Product Development & Manufacturing

This work reflects long-term ownership of complex hardware in regulated, high-volume environments.

Professional Background

I’ve spent over seven years working on neurosurgical medical devices produced at scale in regulated environments. These are mature products where reliability and patient impact matter, and changes must be evaluated carefully against manufacturing, quality, and regulatory consequences.

Ownership Across Roles

I started in manufacturing engineering, supporting multiple neurosurgical product lines and transferring Codman product manufacturing from J&J to Integra, including production startup. That work involved hands-on troubleshooting of equipment and processes, process and fixture development, and executing validation activities during ramp-up and sustained production.

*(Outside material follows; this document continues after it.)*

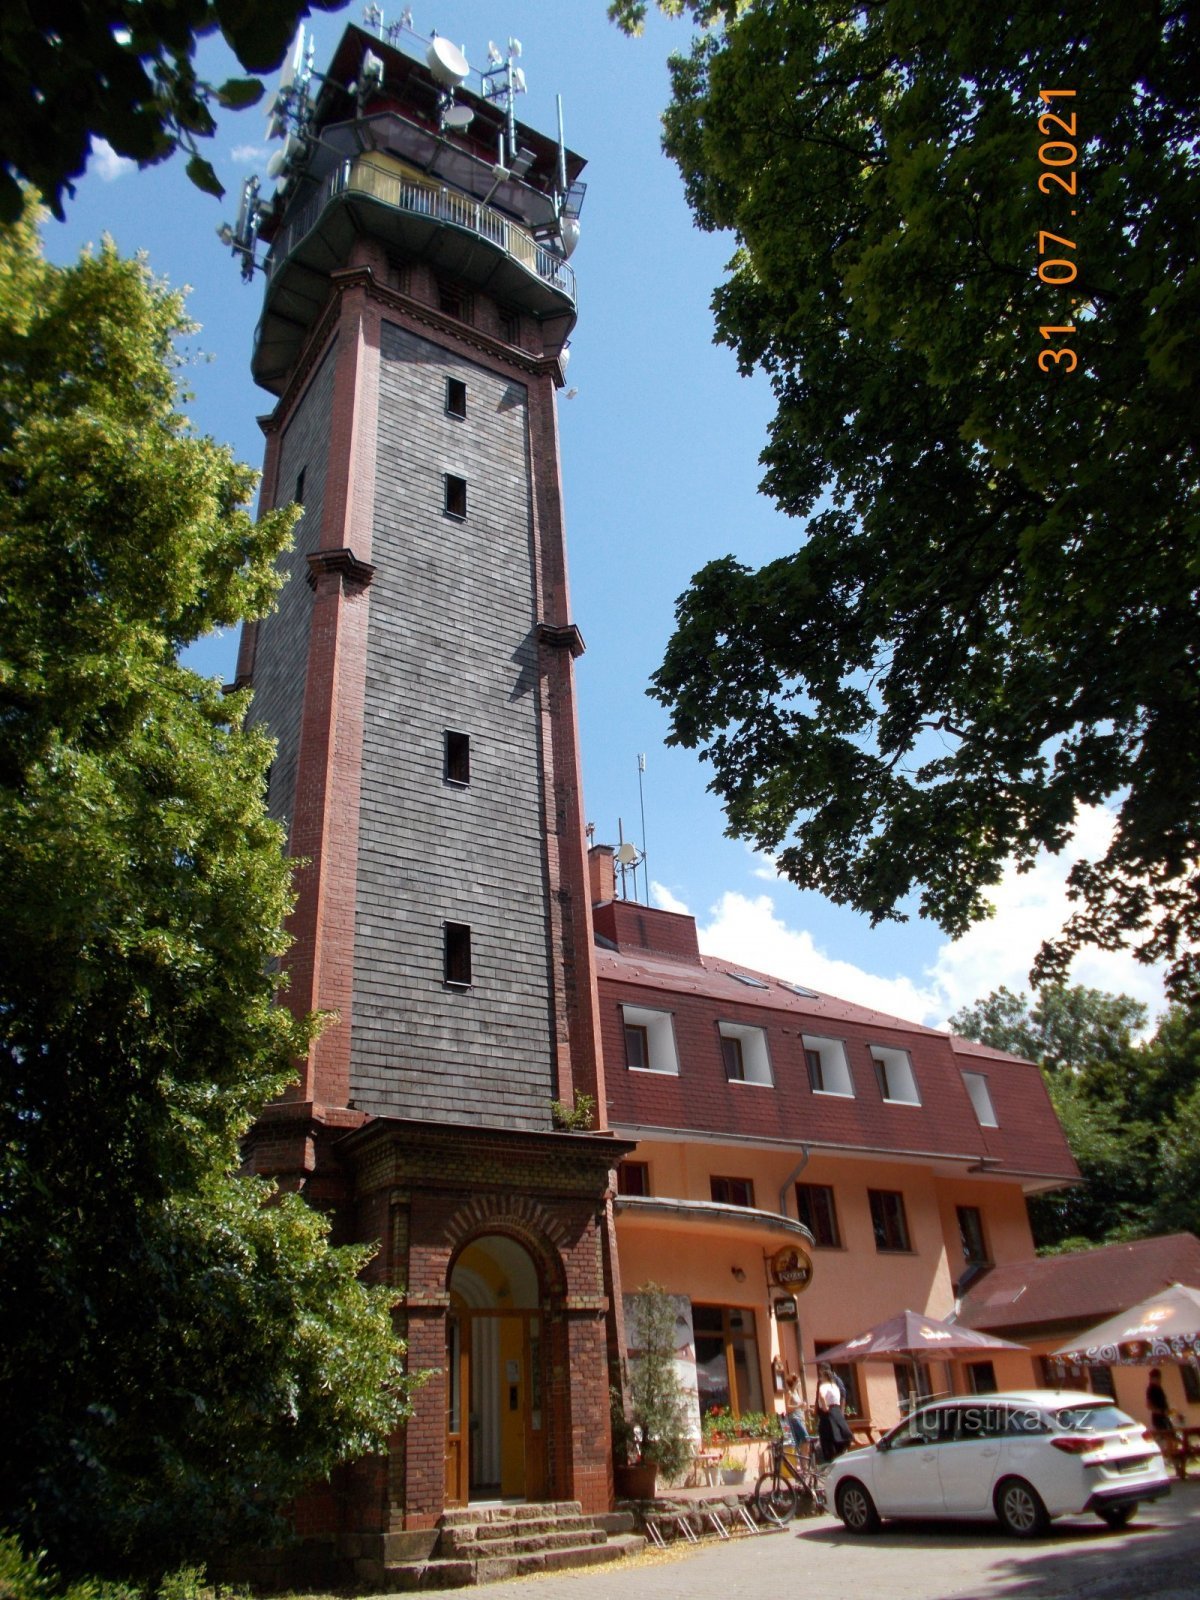 Torre di avvistamento Tichánka

Today, I support many of the same products from the product development side. I was hired to own the mechanical scope for electromechanical neurosurgical devices such as ICP sensors and accessories, providing technical guidance for new manufacturing site introductions and regulatory remediation. At the same time, I remain a subject-matter expert for the cranial Perforator product line, where most of my time has focused on FDA readiness, CTQ development, design investigations, and ongoing product support.

Production & Manufacturing Experience

Working in manufacturing put me close to problems that aren’t obvious until systems are in production. I spent significant time troubleshooting machines and processes, investigating and resolving yield and quality issues, and keeping production running during transfers—often across multiple products at once.

Seemingly small decisions in planning and execution routinely surfaced later as production stoppages, quality issues, audit findings, or corrective actions, particularly at volume. Seeing those consequences firsthand made downstream impact impossible to ignore.

Design Judgment

In product development, much of my responsibility has been maintaining and clarifying the technical definition of mature products. This includes aligning drawings, CTQs, specifications, and test methods with how the product is manufactured and verified, so execution stays consistent over time.

I’ve evaluated potential design updates with a focus on cost-benefit, risk, and downstream impact. In several cases, the right decision was to improve understanding, documentation, or testing rather than change hardware—reserving redesign for situations where it clearly improves performance, patient impact, or manufacturability.

How This Shaped My Approach

Across roles, I’ve been trusted to take on high-priority, high-scrutiny work—often being redirected from planned projects to close urgent gaps or investigations where getting it right mattered more than visibility. That trust has come from following issues through carefully and owning outcomes across functions.

This same approach draws me toward field-deployed hardware, where systems operate outside controlled environments and reliability depends on understanding environmental and operational constraints and owning results over the long term—the same mindset I apply across my work, whether developing a test method, designing fixturing, or maintaining my offshore boat.